What does it mean to reconnect with our purpose?  

Simply put, “it is a feeling so gratifying that no amount of money can buy it,” said Bart-Williams. When we succeed in our purpose-driven mission, “we change the fabric of this multiverse forever,” she said, explaining that this is how legacy is created.  

“Legacy is timeless, legacy is disruptive, legacy outlives its creator. Legacy lives on to inspire new creators, in the future that it shapes and impacts,” she explained. 

Modern legends like Albert Einstein, Martin Luther King, Malcolm X, Bob Marley, Nikola Tesla, Muhammad Ali, Nelson and Winnie Mandela were all visionaries who imagined a future that was brighter than the ones that they were born into, which they committed to illuminate.  

Of these visionaries, Bart-Williams reminds us that we don’t know how much money they had at the moment of their death, but what does resound is that they all stretched the status quo and, as a result, co-created the future and shifted the paradigm of their time. Bart-Williams said that this is why we are here – “to create, not to go to waste”.  

“We are here to shape the future and to create legacy that is aligned with our divine destiny,” she pointed out.  

Your passion is your compass at all times 

Speaking to our interconnectedness, and describing us as “pieces of the greater puzzle”, Bart-Williams said that “when we realign our purpose in the common directive to serve humanity and make the world a better place, we become a unit – a team, a company, a society – of legends creating legacy.

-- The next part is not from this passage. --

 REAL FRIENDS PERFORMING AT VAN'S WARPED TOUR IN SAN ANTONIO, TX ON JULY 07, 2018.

Aligning our purpose to serve a common goal empowers us on a path to victory”. 

Speaking about her personal passion, Bart-Williams said that she is fuelled to change the world by impacting communities, minds, societies and, eventually, entire generations, when realising the fabric of her imagination.   

Sharity: Reimagining charity into the concept of giving and receiving in a symbiotic exchange  

As the founder of the Freetown-based creative collective Folorunsho – which reimagines luxury and creates fashion works of art for entertainment icons like Lenny Kravitz – Bart-Williams described how this sustainable for-profit initiative or ‘sharity’, started with street children in Sierra Leone, takes homeless children off the streets and into school by harnessing their creativity without a single cent in donations. Some have thrived as young entrepreneurs and have gone on to run the social enterprise Ethical Minerals, alongside Bart-Williams, which is committed to changing the landscape of the artisanal mining sector and its communities.  

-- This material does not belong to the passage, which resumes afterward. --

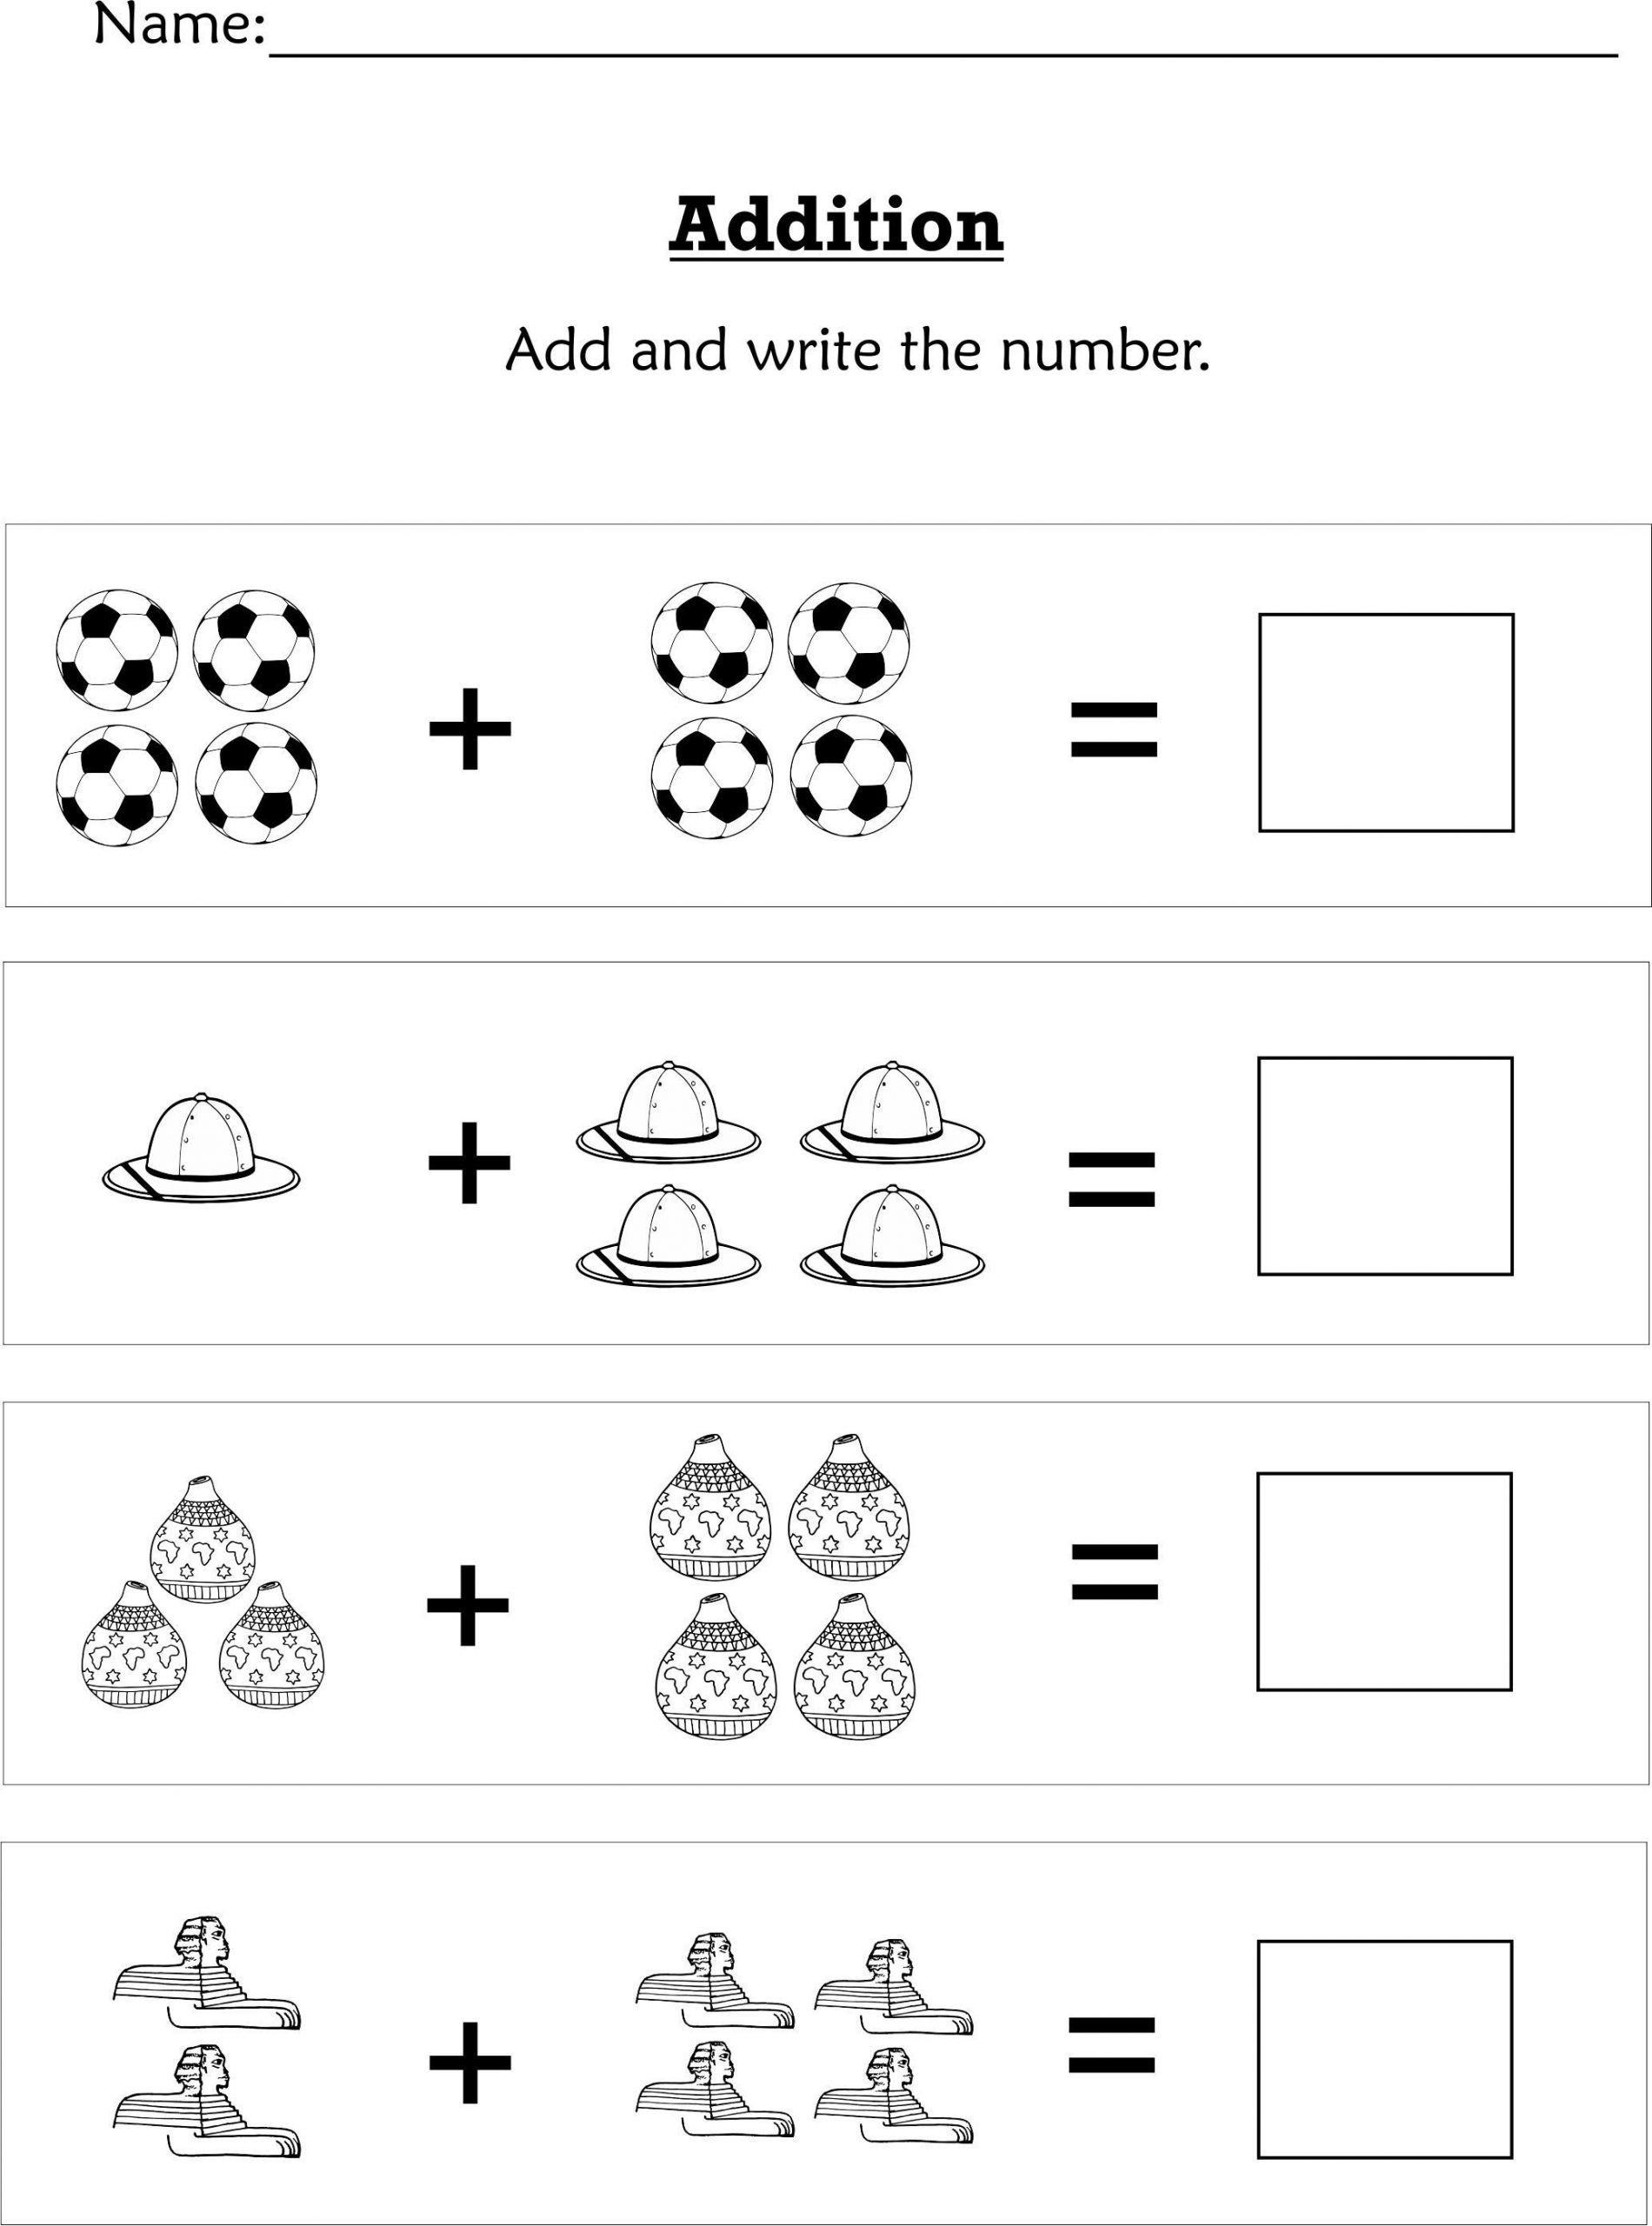 Worksheet ~ Worksheet Preschoolets Age Body Parts For

Corporate responsibility, Bart-Williams said, has the ability to create legacy once it moves beyond ‘giving’ into the space of ‘creating new visions’. Bart-Williams extended an invitation to conference delegates to create a legacy through conscious corporate responsibility.  

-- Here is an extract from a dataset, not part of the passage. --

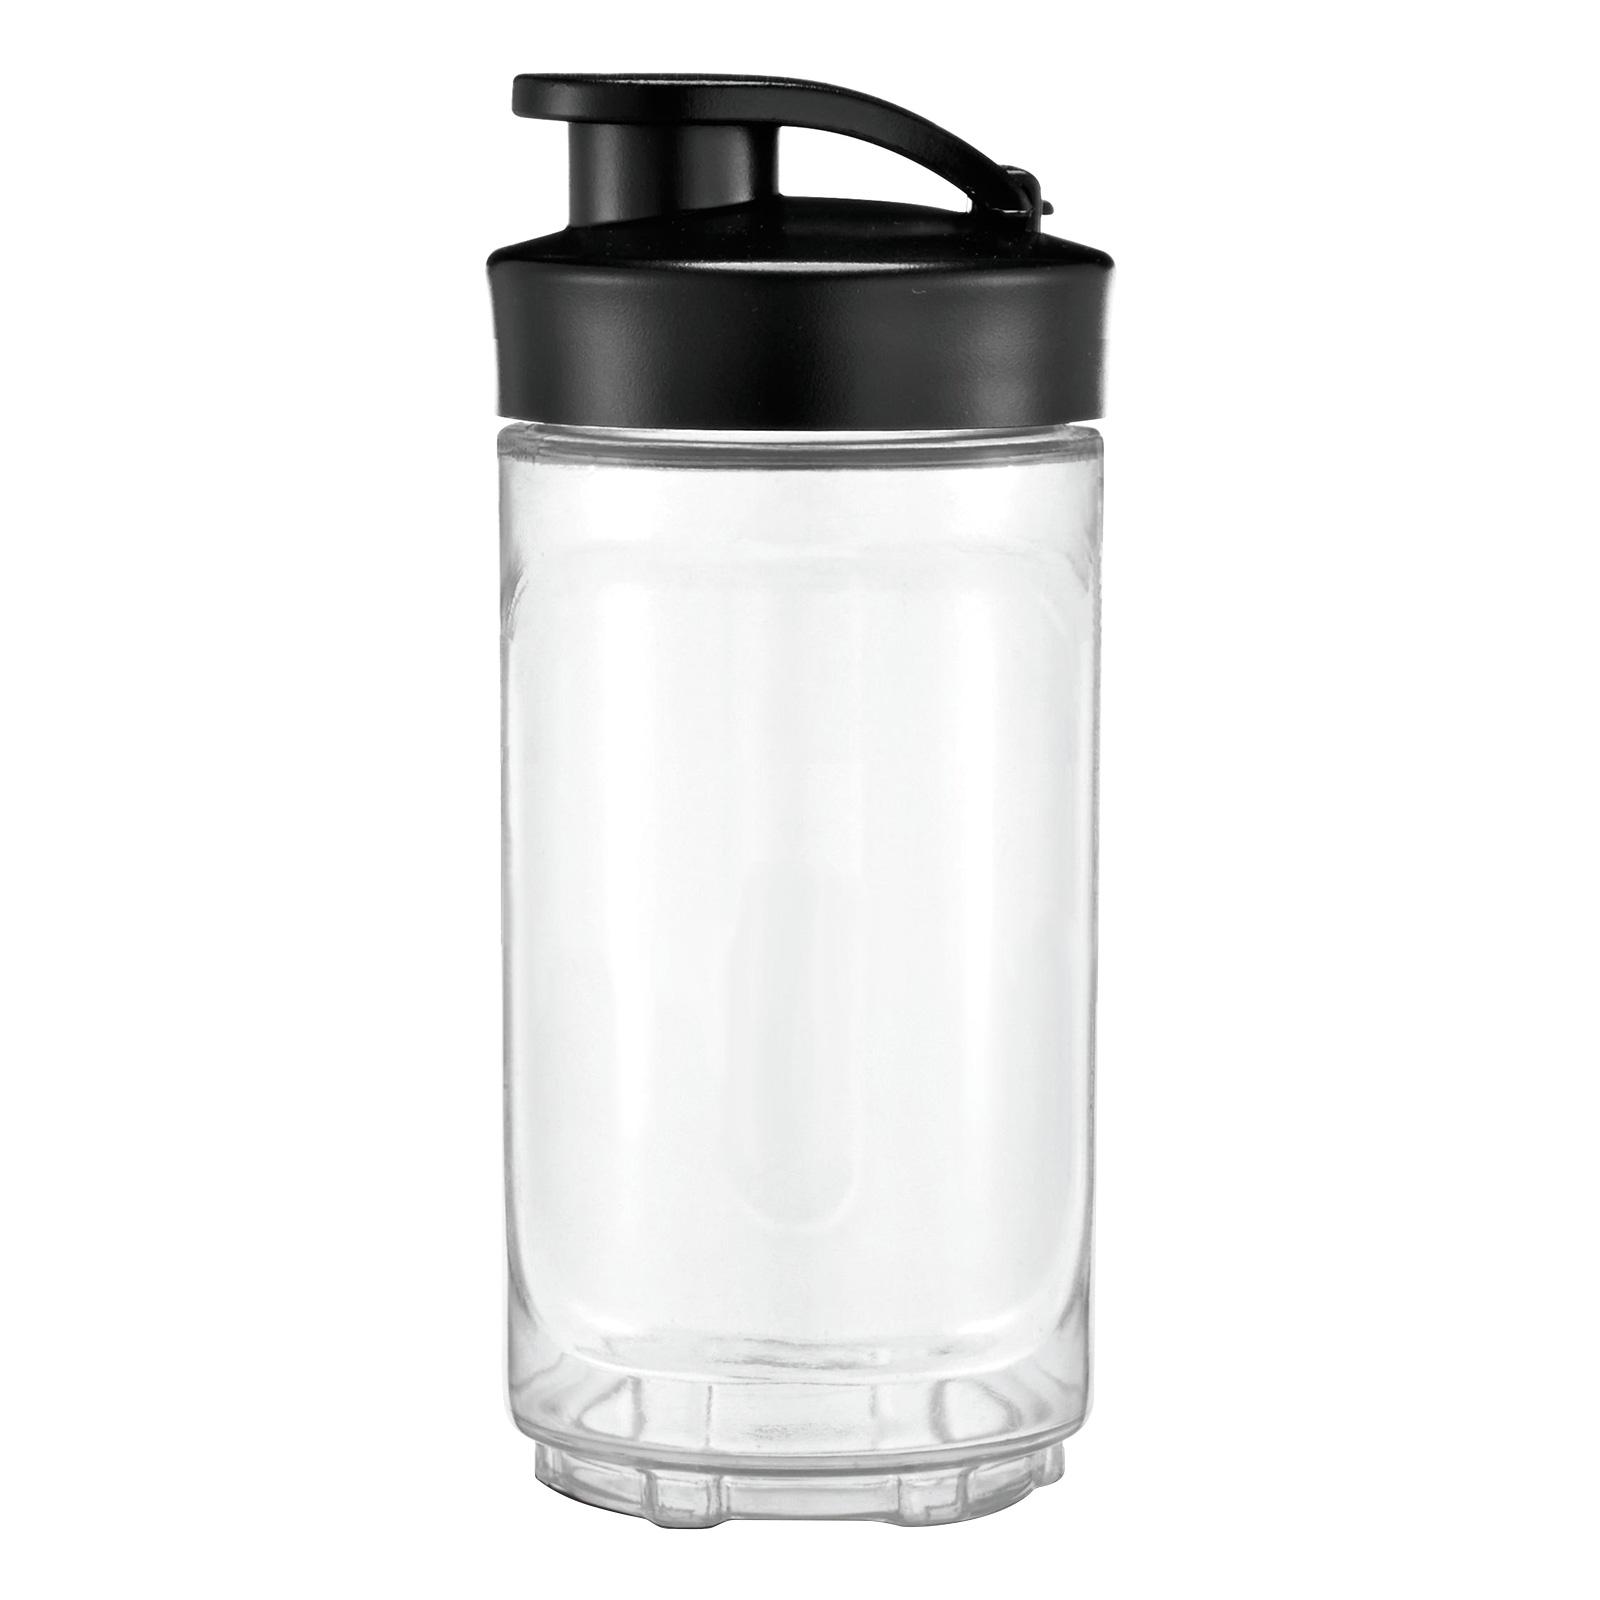 WMF Kult X mini 0,3L Trinkflasche Mixbehälter Smoothiemaker Standmixerzubehör

“People in positions to make decisions about corporate social responsibility – which I call ‘conscious responsibility as corporations’ – I would like us to collectively reimagine what this could look like,” she said. 

“The mining industry, for example – creating artisanal mining projects that are small but can be scaled up – developing blueprints that can be replicated. Spending time with communities and understanding how they can be benefitted. There is no country in which stakeholders benefit adequately across the world. The most precious minerals are mined by the poorest people. Once balance is installed there, it can have a greater effect.”  

The various social projects that Bart-Williams referenced in her talk are for-profit, and create community jobs, rather than charity. “In the short and intermediate term, it may seem arduous to create, but in the long term, they are sustainable because they are productive,” she said.   

When probed about how she has been able to bring these projects to profitability and secure buy-in for them, Bart-Williams explained that she has been required to extend herself entirely, and to immerse herself into the communities that she serves, in order to understand how change and lasting impact can be realised from the inside out.  

  • Mallence Bart-Williams’ keynote address formed part of the ‘Equitable philanthropy’ theme, which was presented in partnership with Vodacom at the Trialogue Business in Society Conference 2022.